3. There are a total of $(64*64)*3*2 = 24576$ proposals arranged in shape $(3, 2, 64, 64)$, in which 2 means the score for foreground/background. Flatten it on the pixels' dimension gives the tensor $(B, N, 2)$, in which `B` is batch size, `N` will be calculated:
4. All 4 feature maps have a total of $(16*16*3 + 32*32*3 + 64*64*3 + 128*128*3) = 65280$ anchor boxes for foreground and background, so the final return size for RPN layer is $(B, 65280, 2)$. Let's check it out:

In [1]:
import sys
sys.path.append("..")
import torch
from configuration import Configuration
from net.layer.rpn.rpn_head import RpnMultiHead

In [2]:
cfg = Configuration()
# set anchor boxes to our example above
aspect = lambda s, r: (s * 1 / r ** 0.5, s * r ** 0.5)
cfg.rpn_base_aspect_ratios = [
           [(1,1), aspect(2**0.5,2), aspect(2**0.5,0.5),],
           [(1,1), aspect(2**0.5,2), aspect(2**0.5,0.5),],
           [(1,1), aspect(2**0.5,2), aspect(2**0.5,0.5),],
           [(1,1), aspect(2**0.5,2), aspect(2**0.5,0.5),],
        ]

# input features, the batch size is set to 5, channels of each feature map is 256
p2 = torch.randn(5, 256, 128, 128)
p3 = torch.randn(5, 256, 64, 64)
p4 = torch.randn(5, 256, 32, 32)
p5 = torch.randn(5, 256, 16, 16)
fs = [p2, p3, p4, p5]
# init RPN head
net = RpnMultiHead(cfg, 256)

In [3]:
logits_flat, deltas_flat = net(fs)
print(logits_flat.size(), deltas_flat.size())

torch.Size([5, 65280, 2]) torch.Size([5, 65280, 2, 4])

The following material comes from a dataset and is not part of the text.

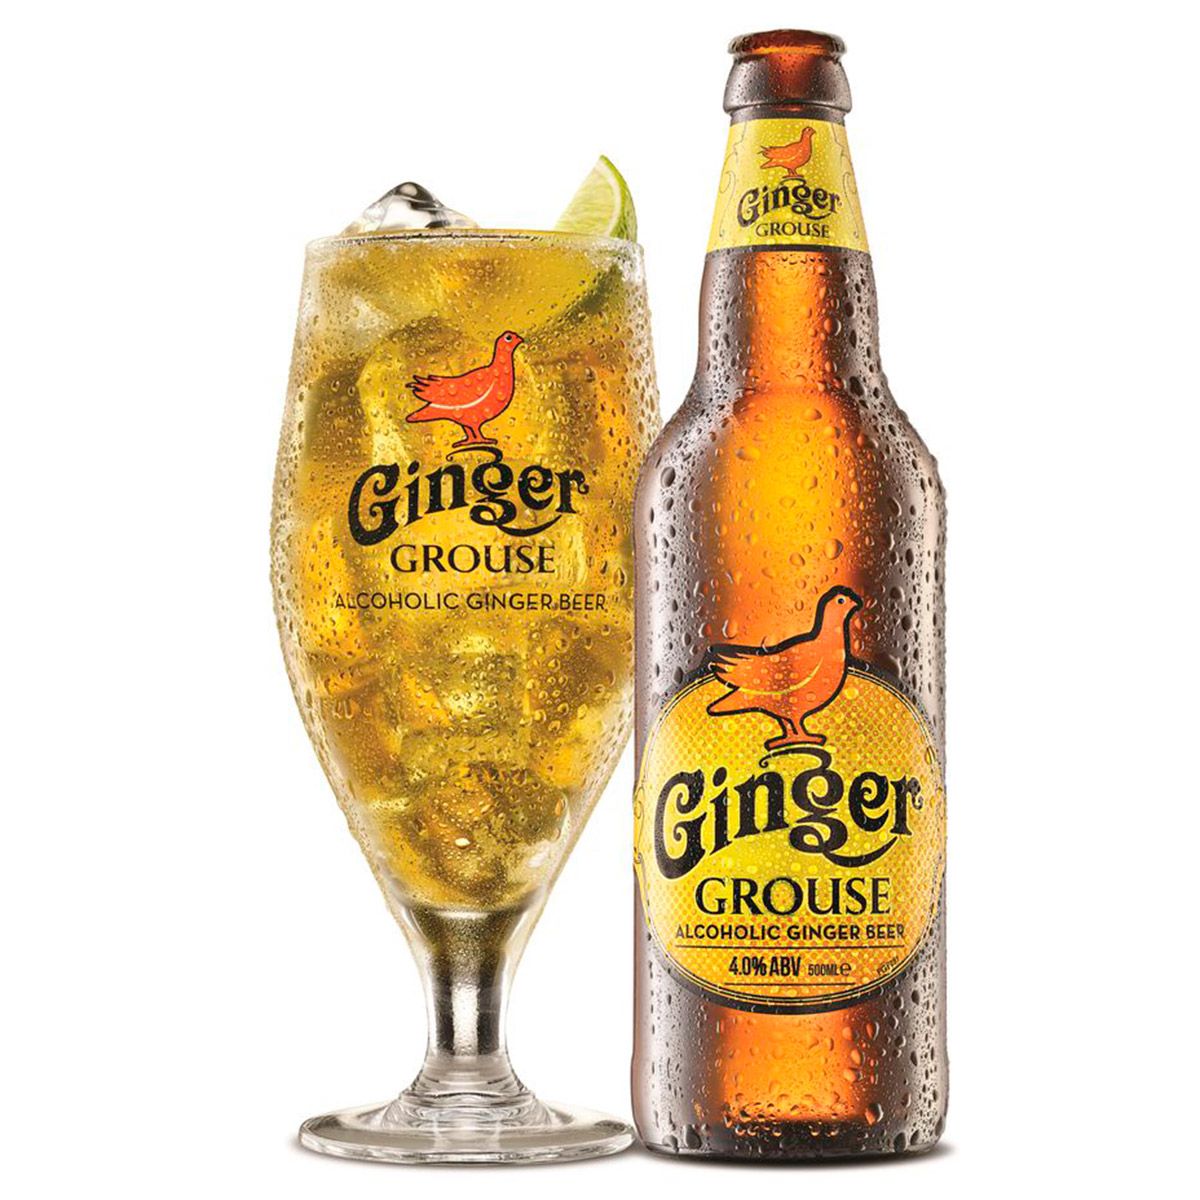 Why lashings of ginger beer is back on the menu

RPN layer has 2 branches, one gives the score for foreground/background for each anchor box, another gives the box regression parameters, which is used to reshape each anchor box to fit the instance better. There are 4 parameters to refine the anchor box, so we have output tensor of size $(B, 65280, 2, 4)$ 

So this is the base idea behind RPN layer, which is probably the most complicated layer in mask rcnn.

## RPN Train/Test Process

![](images/rpn.svg)

1. Get features from FPN
2. Get rpn output: logits and deltas
3. Make targets for training from `rpn_target.py`
4. Do nms to get rpn proposals, which is in `nms.py`

## RCNN Train/Test Process

![](images/rcnn.svg)

The train/test process for rcnn is not much different from RPN except for:

1. RCNN use cropped features by roi-align layer. The crop size is decided by rpn proposals
2. RCNN proposals for training are re-sampled, with balanced positive/negative samples
3. RCNN predict class label for each proposal

## MASK Train/Test Process

![](images/mask.svg)

The train/test process for mask head is not much different from RPN and RCNN except for:

1. Mask head predicts per-pixel probability mask for each class, so it's output is (B, mask_size, mask_size)
2. The target for mask size is cropped from truth box and truch instance, which may not the same size as mask_size, so we need to resize the cropped instance into mask_size.